В нем прекрасно продуман сюжет и последовательность событий. Кроме того, в этом произведении Говард превзошел самого себя в качестве стилиста. Для примера можно привести хотя бы такой абзац: — Слегка колыхались тяжелые бархатные портьеры; пламя свечей мерцало, отбрасывая на стены пляшущие черные тени. Между тем в зале не было даже слабого движения воздуха. Вокруг сгола черного дерева, на котором покоился саркофаг из резного зеленого нефрита, стояли четверо мужчин. У каждого из них в воздетой правой руке горела странным зеленоватым пламенем черная свеча причудливой формы. Ночь окутывала мир, и ветер безумно стонал в верхушках черных деревьев-.
Сцена обрисована быстрыми, уверенными, широкими мазками. Ощущение напряжения, граничащего с ужасом, создается таинственным дрожанием пламени свечей, теней и портьер, зрелищем нефритового саркофага и необычных черных свечей, звуками завывающего ветра. И обо всем этом мы узнаем из пяти предложений, живость которым придает повторение слова «черный» — черные тени, стол черного дерева, черные свечи, ночь, черные деревья; как противоположность им мерцает призрачный зеленоватый свет. Напряжение усиливают странные люди, участвующие в церемонии. Любой читатель почувствует в этом эпизоде руку мастера; любой писатель, прочитав филигранно написанный отрывок, ощутит укол зависти. А когда мы вспоминаем, что Говард был самоучкой, наше восхищение увеличивается в сотни раз.
Последняя из законченных историй о Конане была опубликована только после смерти Говарда. «Гвозди с красными шляпками» появились в июльском, августовском и сентябрьском выпусках 1936 года. Говард писал об этом рассказе Лавкрафту:
«Последний длинный рассказ о Конане, который я продал в „Сверхъестественные истории“, — и, возможно, моя последняя фантастическая повесть — состоял из трех частей; в нем больше крови и секса, чем в любом другом. Меня не устраивало, как я раньше трактовал проблему вырождающихся народов, поскольку вырождение настолько характерно почти для всех наций что не упоминать о нем невозможно даже в художественной литературе, если она претендует на сходство с реальностью Если ты все-таки прочтешь рассказ, я бы хотел узнать, что ты думаешь о моем подходе к теме лесбийской любви».

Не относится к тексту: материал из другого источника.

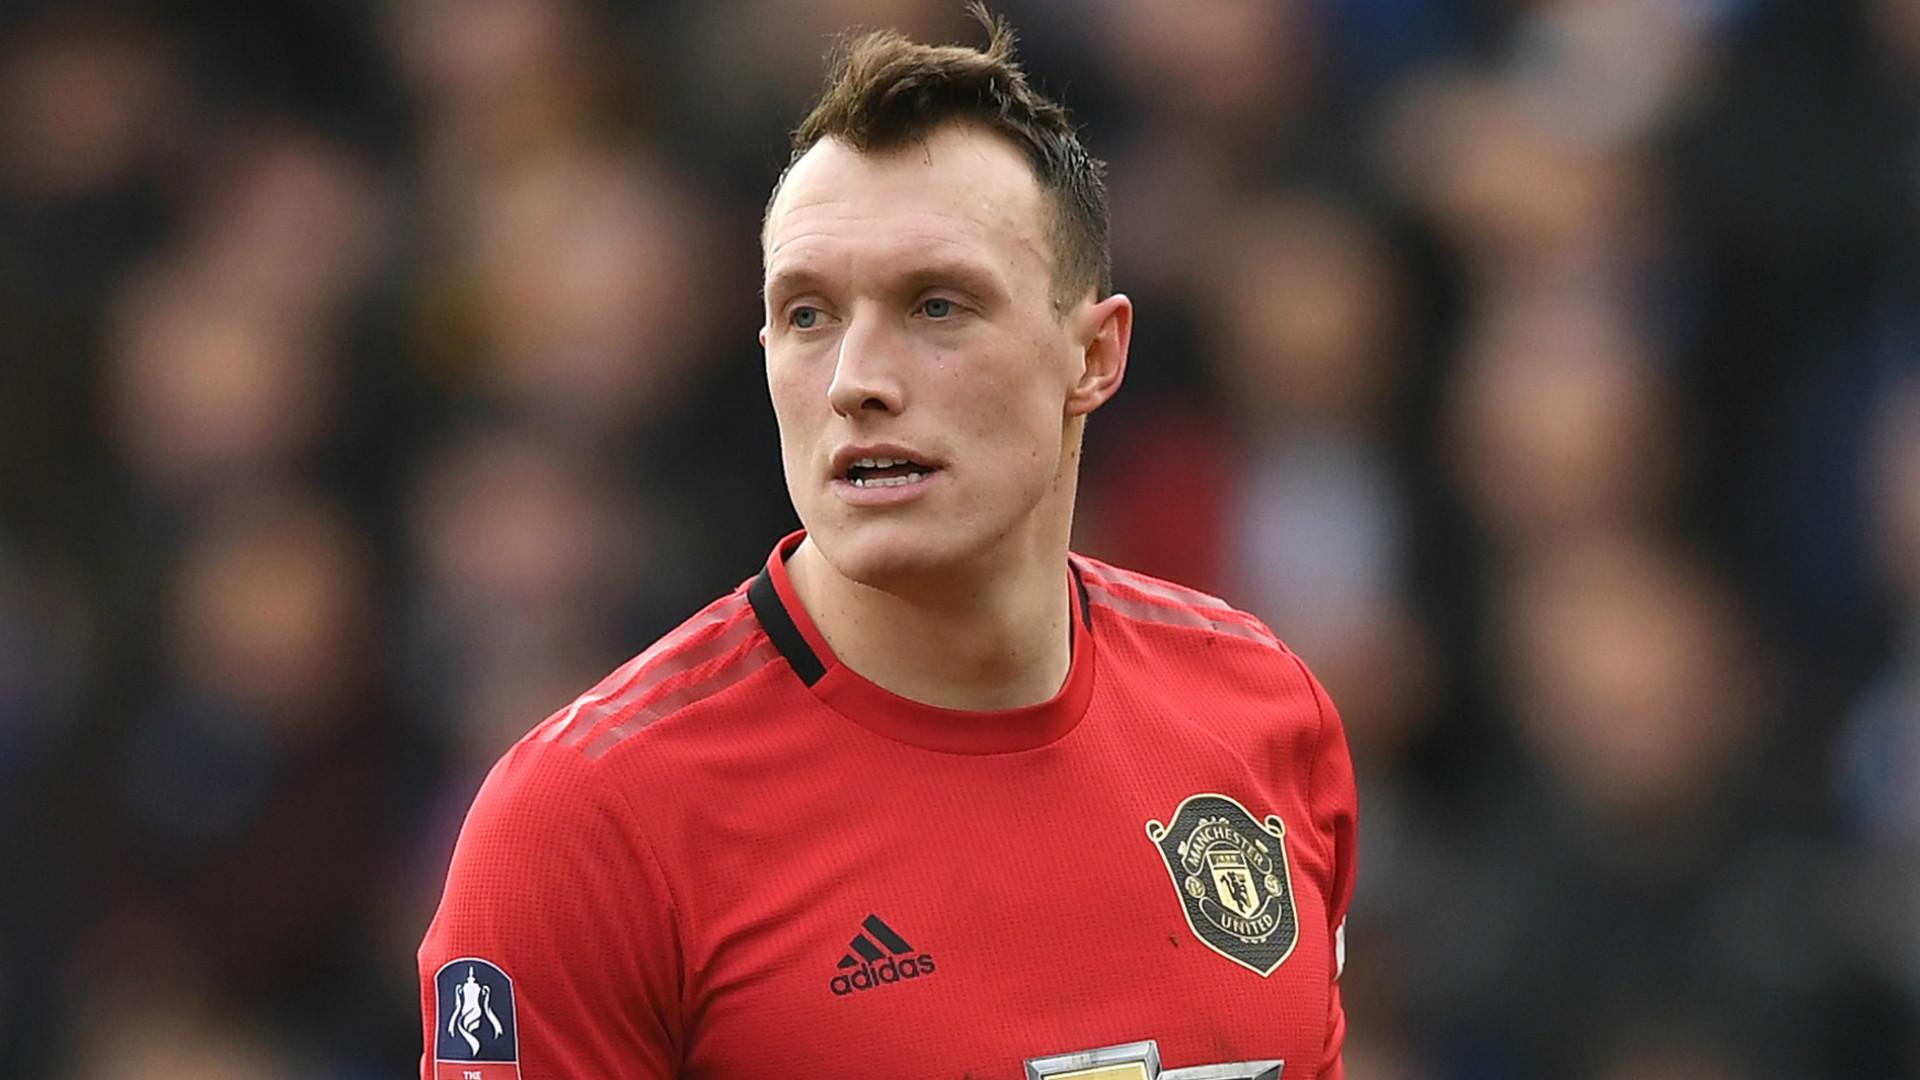 Jones offered Man Utd hope after 12 months out as Solskjaer reflects on 'disheartening' spell for defender

Под «вырождением» Говард имел в виду гомосексуализм. В то время была широко распространена идея, что вырождение нации напрямую связано с этим отклонением от норм человеческого бытия (сейчас исследователи-социологи считают, что это весьма спорный вопрос). Роберт Говард не был совершенным профаном в этом вопросе. Когда он встречался с Новэлин Прайс, он подарил ей книгу рассказов, написанную Пьером Лойи; среди них был один, который назывался «Король Паусол». Говард заметил, что только француз мог так деликатно подойти к теме лесбийской любви.
В рассказе «Гвозди с красными шляпками» — по крайней мере, в опубликованном варианте — имеется разве что слабый намек на лесбийскую любовь.
Рассказ начинается с того, что Валерия, высокая юная аквилонка, бежит из стигийского военного лагеря, где она служила наемным солдатом и, помимо всего прочего, убила домогавшегося ее офицера. Конан следует за ней. Вместе они одерживают победу над чудовищной рептилией, выжившей еще со времен мезозойской эры, а затем обнаруживают выложенные нефритом залы и подземные переходы доисторического города с псевдоацтекским названием. Здесь они становятся свидетелями и участниками борьбы двух враждующих между собой кланов.
Несмотря на стройный и законченный сюжет рассказа, это, несомненно (как признавал и сам Говард), «самый жестокий, мрачный, кровавый и безжалостный рассказ из всей серии». Действительно, от него настолько веет жестокостью, что его не столь занятно читать, как остальные истории о Конане, несмотря на главную идею: кровавые распри не только бессмысленны, но и губительны для обеих враждующих сторон.
В тот период Говард серьезно намеревался отойти от фантастической литературы. В письмах к Лавкрафту и Дерлету, написанных за полгода до его смерти, он объяснял, что платят за такие произведения ничтожные гроши и отныне он решил заняться вестернами или писать об истории Запада. С нескрываемой грустью Говард добавлял: «Мне ненавистна мысль о том, что я больше не вернусь к моим фантастическим рассказам, но сейчас у меня на первое место выходят финансовые нужды, которые заслонили собой все остальное. Жалкие гонорары помимо моей воли вынуждают меня писать на другие темы».